24.04.2013
ÇÖMLEKÇİLİK
Çömlekçiliğin gelişmesi, göçebe avcı ve toplayıcı kavimlerin yerleşik hayata geçmesiyle başlamıştır. Anadolu’da ilk yapılan çömlekler 'Neolitik' döneme yani yaklaşık M.Ö. 7000'li yıllara dayanmaktadır. ( BkzTarih Öncesi Çağlar ve Uygarlığın Oluşumu) İlk yapılan çömlekler sargı-dolama usulü ile elde şekillendiriliyor ve pişirim ise genellikle açık ateşte yapılıyordu. M.Ö. 3000 yılında da çömlekçi çarkı bulunmasıyla çark üzerinde şekillendirmeler de başlamış oldu.
ÇÖMLEKÇİLİK, killi toprağın ve çamurun çeşitli aşamalardan geçirildikten sonra şekillendirilip, kurutularak veya fırınlanarak çeşitli araç gereç veya eşyalar üretilmesine çömlekçilik denilir.

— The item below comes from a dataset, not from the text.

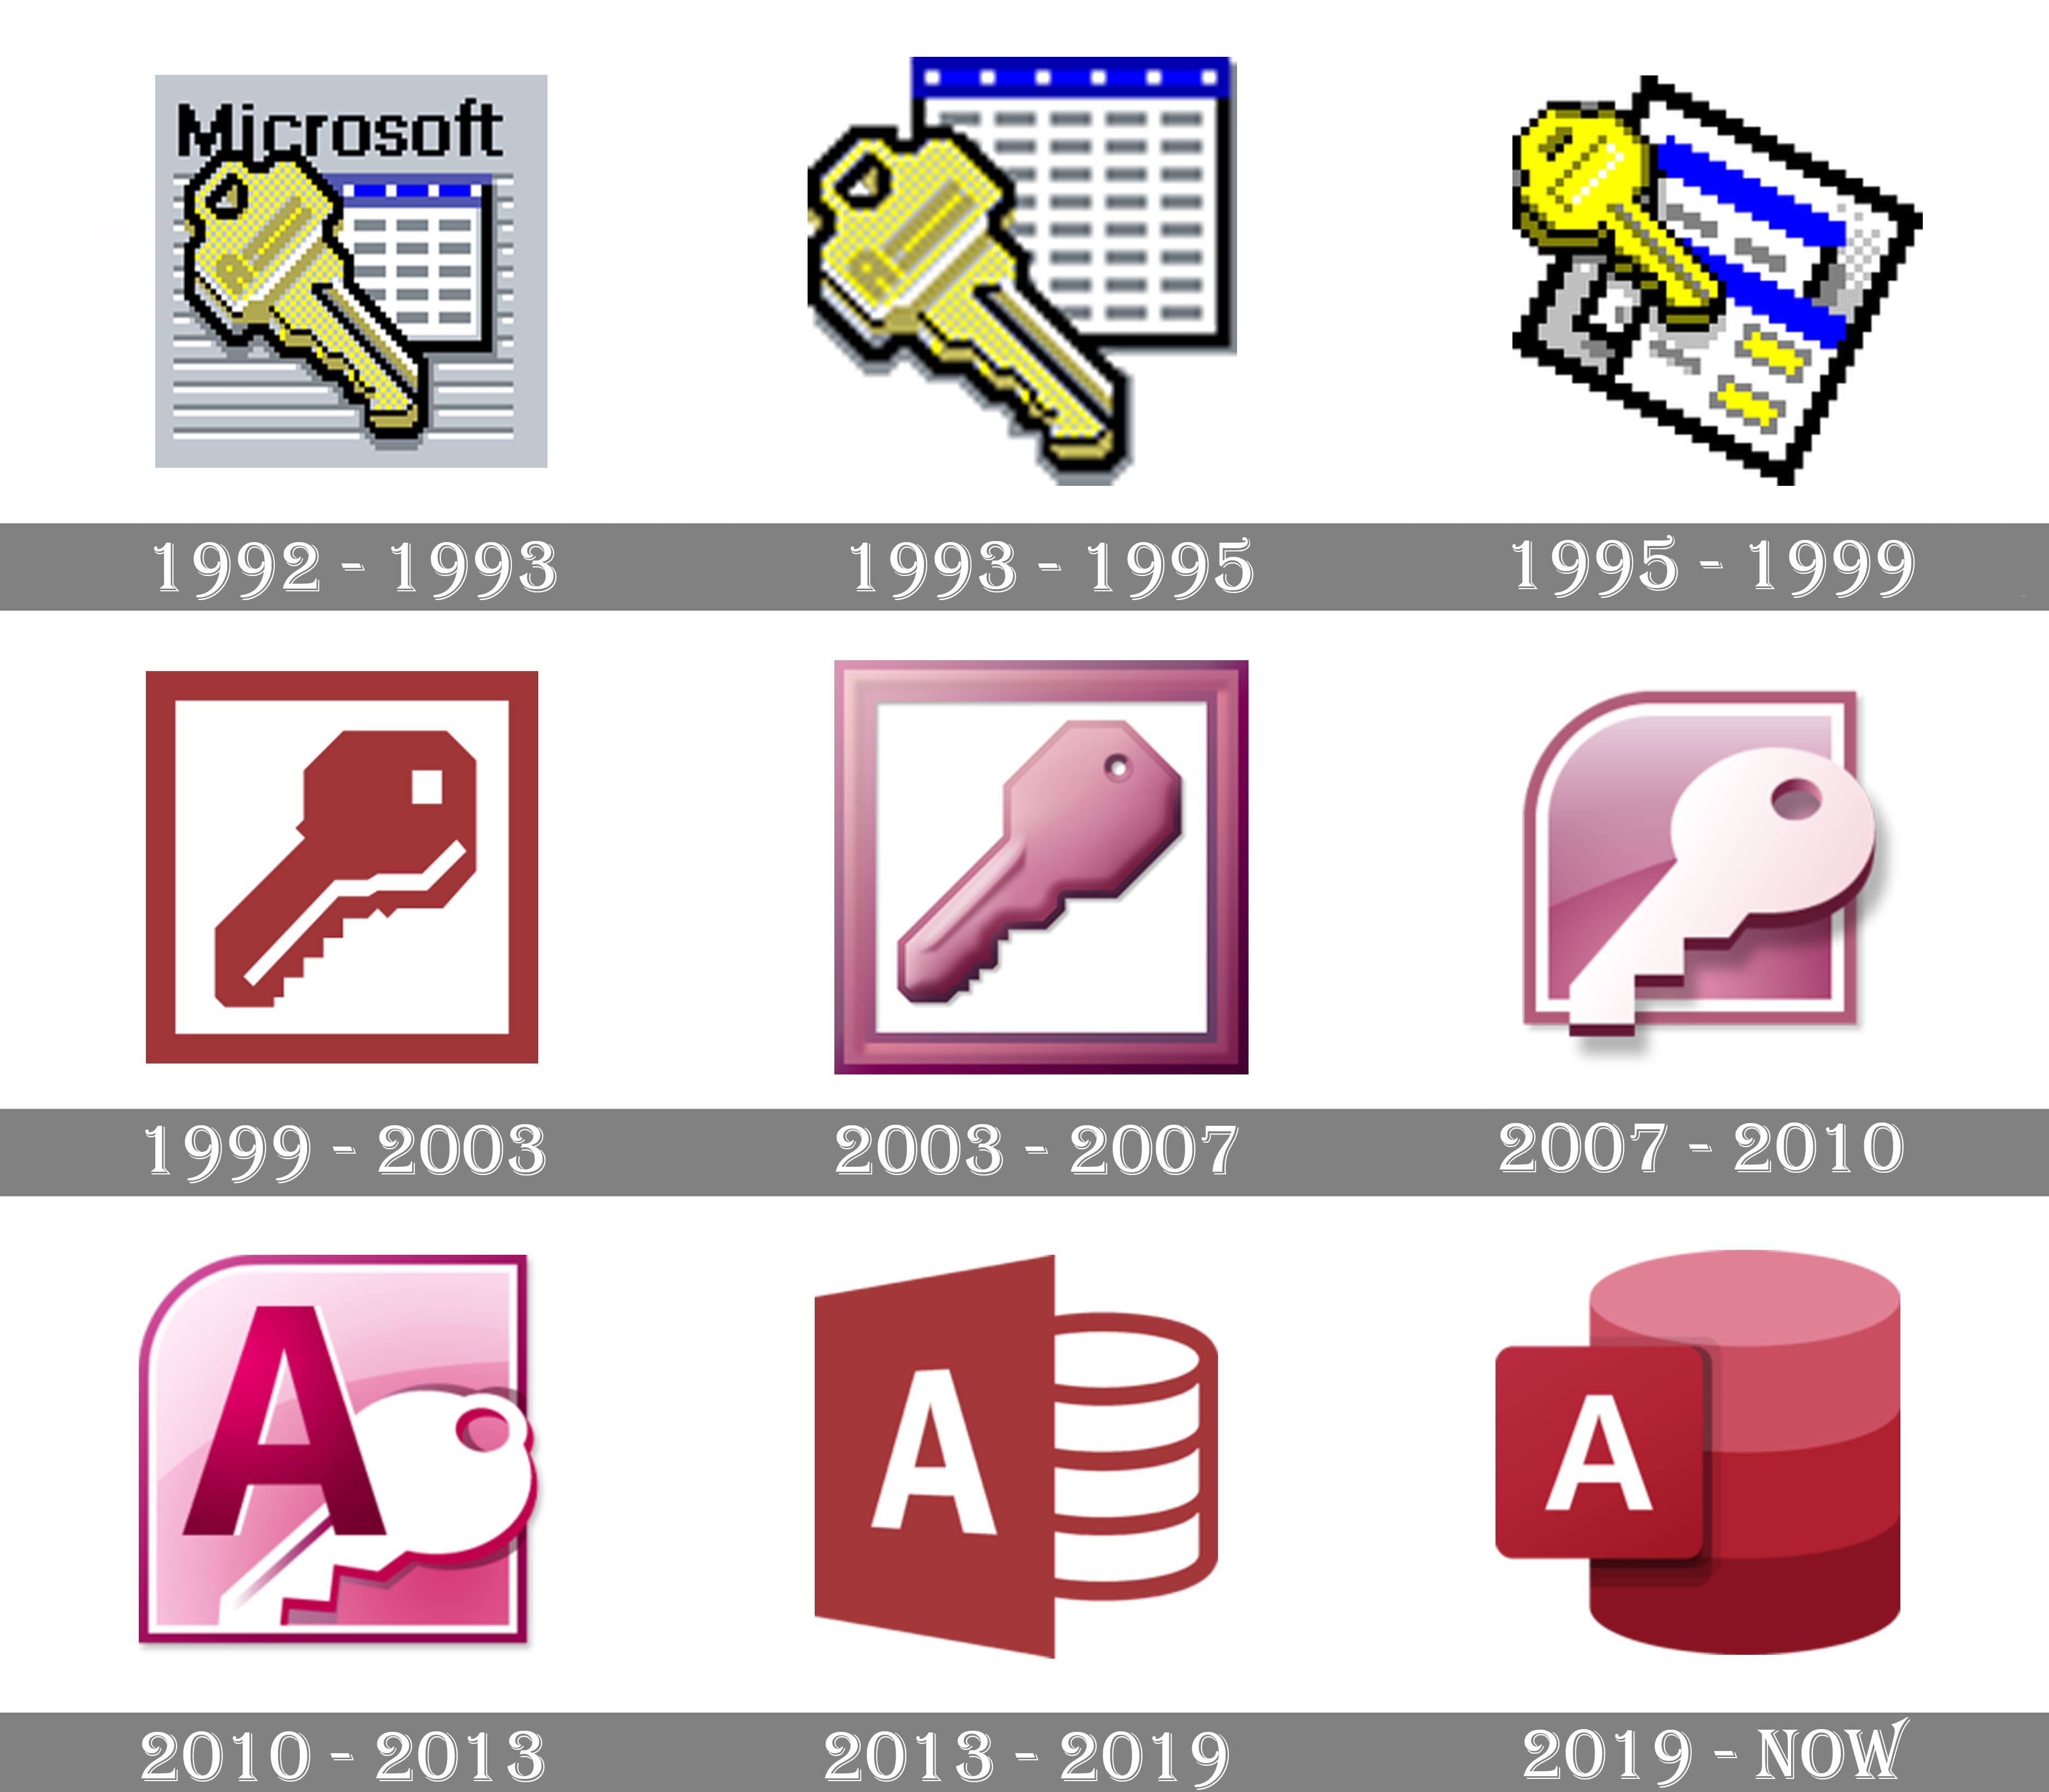 microsoft access database icon

Çömlekçilik Anadolu 'da çok eskiden beri yapıla gelmiş el sanatlarındandır. Çamur ve kilden yapılan çömlekçilik Anadolu’da kolaylıkla elde edilen hammaddelerden biridir. Çamur biçimlendirmeye müsait bir hammaddedir ve kırılmadan biçimlendirilebilir. Çamur çömleğin hammaddesidir.
Çömlekçilik çimdik, fitil, levha, modelleri şeklinde üretilen, Özlü çamurdan elle veya çömlekçi çarkından geçirilerek çeşitli ölçülerdeki kalıplara dökülüp form kazandırılan araç gereç yapma işidir. Çömlekçilik fırınlarda pişirilerek, sırlanan veya sırlanmadan yapılan toprak çanak, çömlek, kap, kacak, küllük, testi, vazo, küp vb. yapma sanatı olarak da tanımlanabilir.

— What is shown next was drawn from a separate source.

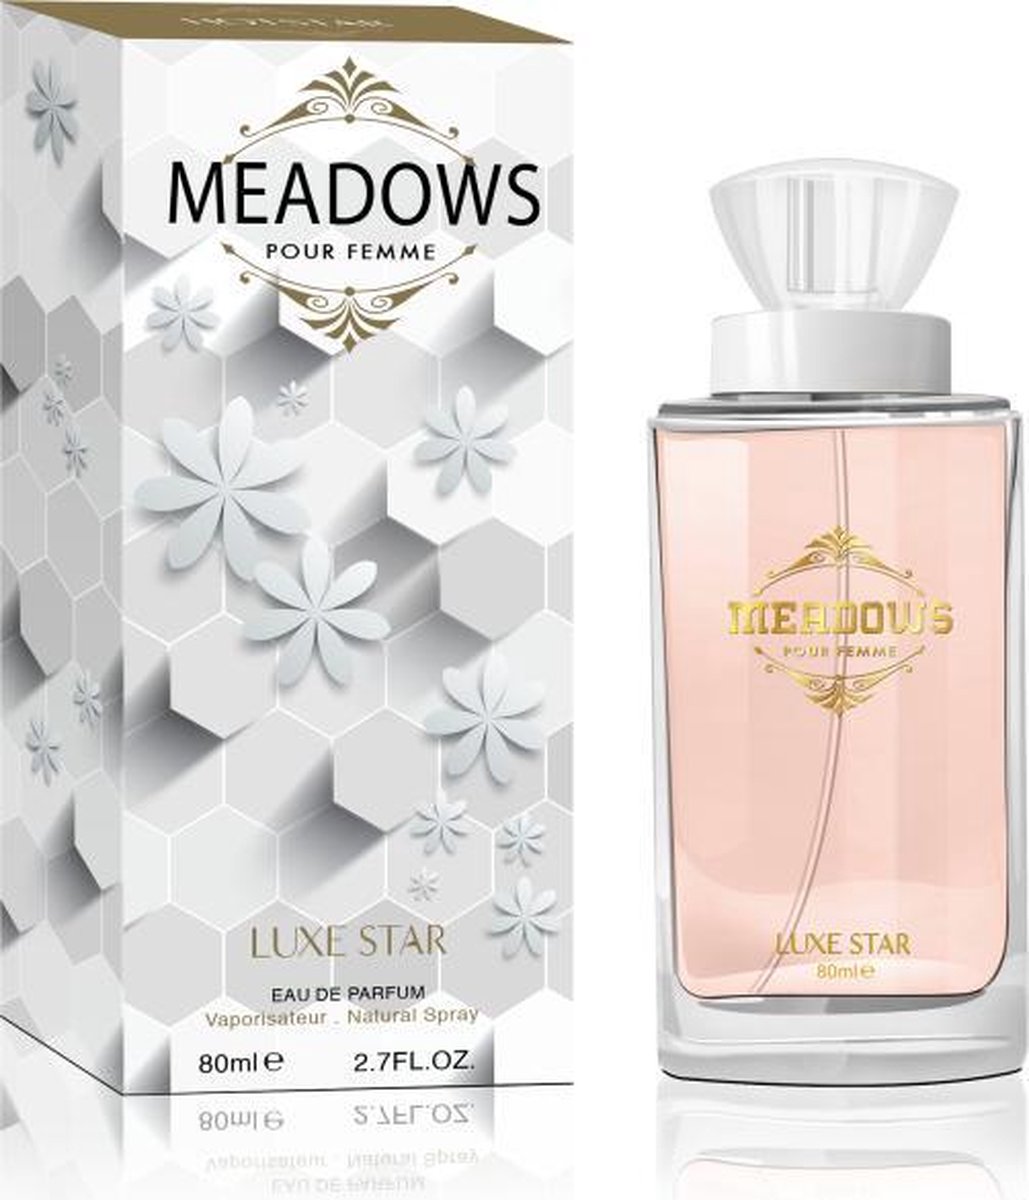 Meadows eau de parfum Luxe Star

Anadolu'da üretilen çömlekler genellikle sulandırılmış çamurla sırlanmakta, çömlekler açık ateşte pişirilmektedir. Çark üzerinde döndürülen çamura elle şekil verilerek yapılan çömlekçilik daha kullanışlı bir tekniktir. Geleneksel çömlek yapımı özlü çamurdan elle veya çömlekçi çarkından geçirilerek çeşitli ölçülerdeki kalıplara dökülüp çıkartılan çömlekler şeklinde iki türlüdür.
Bu bakımdan Geleneksel Çömlekçilik iki usulle yapılır:
a) Elle yapılan çömlekler
b) Çarkla yapılan çömlekler
Anadolu da Elle ve İlkel Yöntemlerle Yapılan Çömlekler
İlkel çömlekçilikle uğraşan köylülerimiz kap kaçağı kendi ihtiyaçları için yapmakta, yaptıkları bu işleri parayla satmaktan çok çevre köylerden başka ürünlerle takas etmektedirler. Örneğin bir güveci, bir güveç dolusu buğday, incir, üzüm ya da zeytinle değiştirebilmektedirler. Bu onlar için kendi ürünleri olan güveçleri parayla satmaktan çok daha kazançlı bir alışveriştir Ticari maksat taşımayan bu çömlek üretim şeklinde esas amaç kişisel ihtiyaçlar için üretim yapmaktır. Bu tip çömleklerde süsleme, biçimlendirme, desen hatta sırlama çabası ikinci planda kalır temel amaç ihtiyaçları karşılamak olmaktadır.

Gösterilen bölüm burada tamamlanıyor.